The tree allows fast and efficient lookup of ids using an ifindex and
IP address which is useful for identifying relevant net_events promptly.

Signed-off-by: Patrisious Haddad <phaddad@nvidia.com>
Reviewed-by: Mark Zhang <markzhang@nvidia.com>
Signed-off-by: Leon Romanovsky <leonro@nvidia.com>
---
 drivers/infiniband/core/cma.c      | 156 ++++++++++++++++++++++++++---
 drivers/infiniband/core/cma_priv.h |   1 +
 2 files changed, 145 insertions(+), 12 deletions(-)

diff --git a/drivers/infiniband/core/cma.c b/drivers/infiniband/core/cma.c
index fabca5e51e3d..bfe2b70daf39 100644
--- a/drivers/infiniband/core/cma.c
+++ b/drivers/infiniband/core/cma.c
@@ -11,6 +11,7 @@
 #include <linux/in6.h>
 #include <linux/mutex.h>
 #include <linux/random.h>
+#include <linux/rbtree.h>
 #include <linux/igmp.h>
 #include <linux/xarray.h>
 #include <linux/inetdevice.h>
@@ -168,6 +169,9 @@ static struct ib_sa_client sa_client;
 static LIST_HEAD(dev_list);
 static LIST_HEAD(listen_any_list);
 static DEFINE_MUTEX(lock);
+static struct rb_root id_table = RB_ROOT;
+/* Serialize operations of id_table tree */
+static DEFINE_SPINLOCK(id_table_lock);
 static struct workqueue_struct *cma_wq;
 static unsigned int cma_pernet_id;
 
@@ -202,6 +206,11 @@ struct xarray *cma_pernet_xa(struct net *net, enum rdma_ucm_port_space ps)
 	}
 }
 
+struct id_table_entry {
+	struct list_head id_list;
+	struct rb_node rb_node;
+};
+
 struct cma_device {
 	struct list_head	list;
 	struct ib_device	*device;
@@ -420,11 +429,21 @@ static inline u8 cma_get_ip_ver(const struct cma_hdr *hdr)
 	return hdr->ip_version >> 4;
 }
 
-static inline void cma_set_ip_ver(struct cma_hdr *hdr, u8 ip_ver)

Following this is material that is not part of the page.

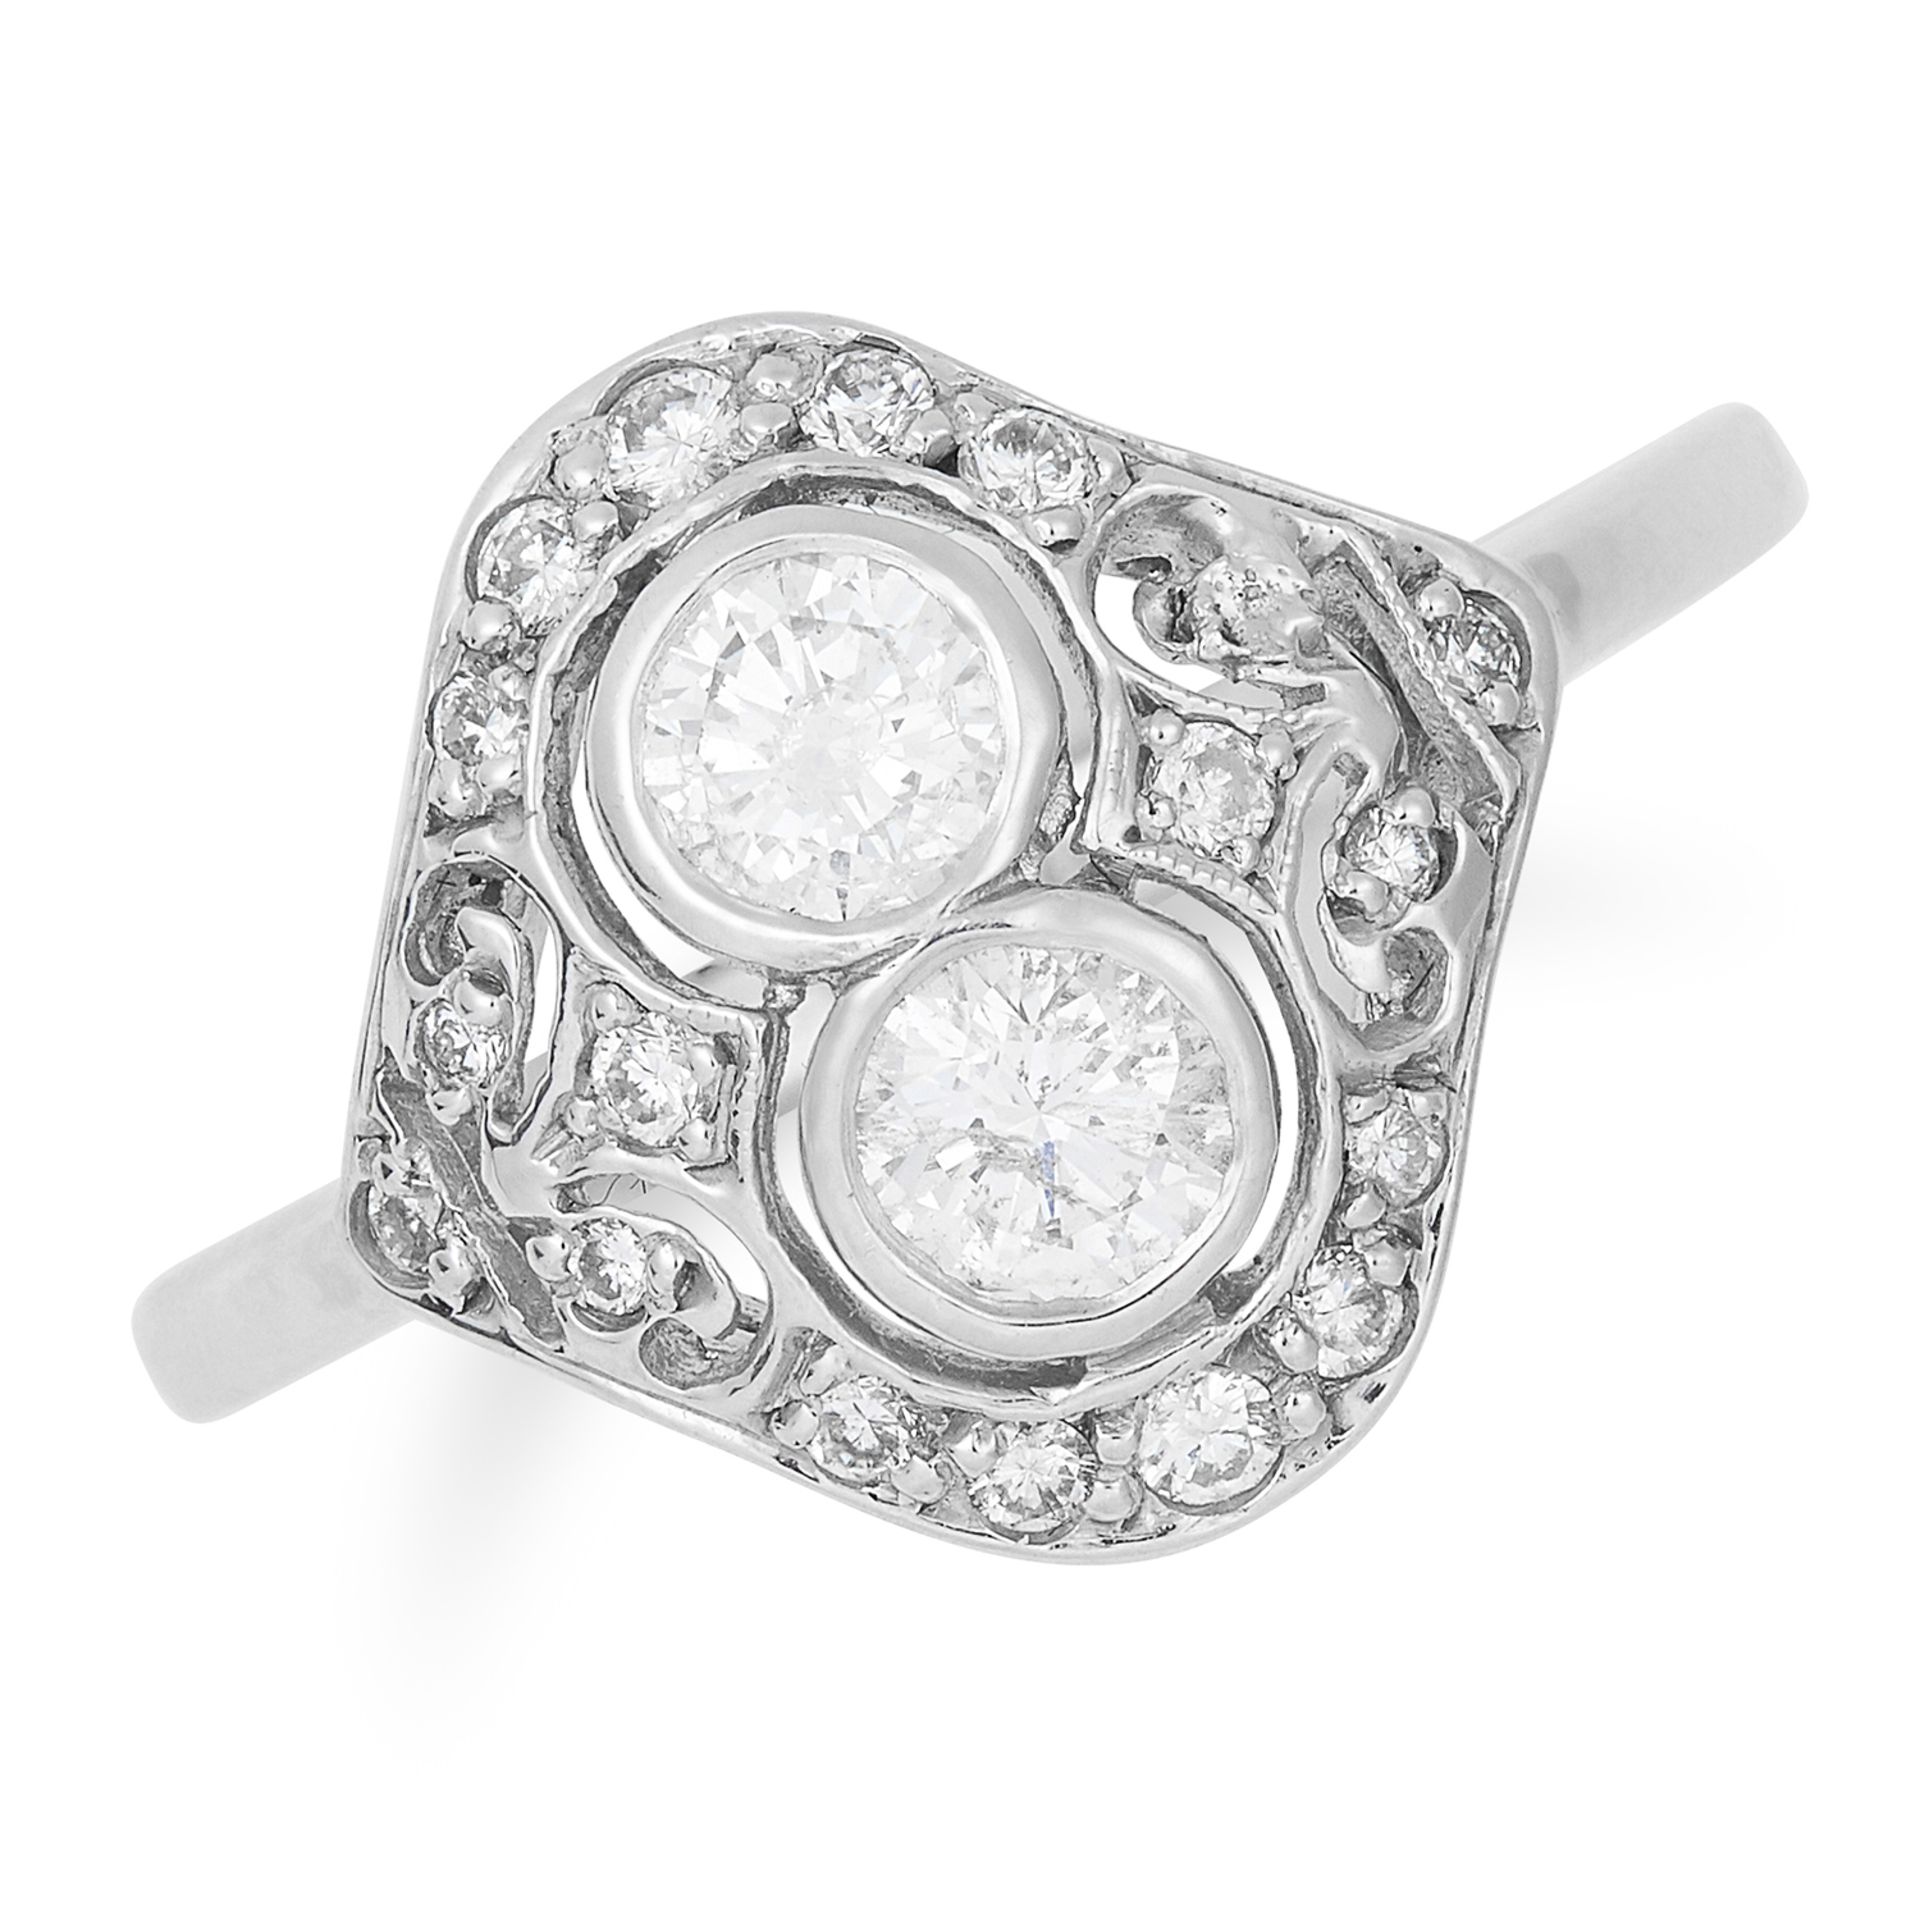 ANTIQUE ART DECO DIAMOND RING set with round cut diamonds, size N / 6.5, 3.3g.

+static void cma_set_ip_ver(struct cma_hdr *hdr, u8 ip_ver)
 {
 	hdr->ip_version = (ip_ver << 4) | (hdr->ip_version & 0xF);
 }
 
+static struct sockaddr *cma_src_addr(struct rdma_id_private *id_priv)
+{
+	return (struct sockaddr *)&id_priv->id.route.addr.src_addr;
+}
+
+static inline struct sockaddr *cma_dst_addr(struct rdma_id_private *id_priv)
+{
+	return (struct sockaddr *)&id_priv->id.route.addr.dst_addr;
+}
+
 static int cma_igmp_send(struct net_device *ndev, union ib_gid *mgid, bool join)
 {
 	struct in_device *in_dev = NULL;
@@ -445,6 +464,124 @@ static int cma_igmp_send(struct net_device *ndev, union ib_gid *mgid, bool join)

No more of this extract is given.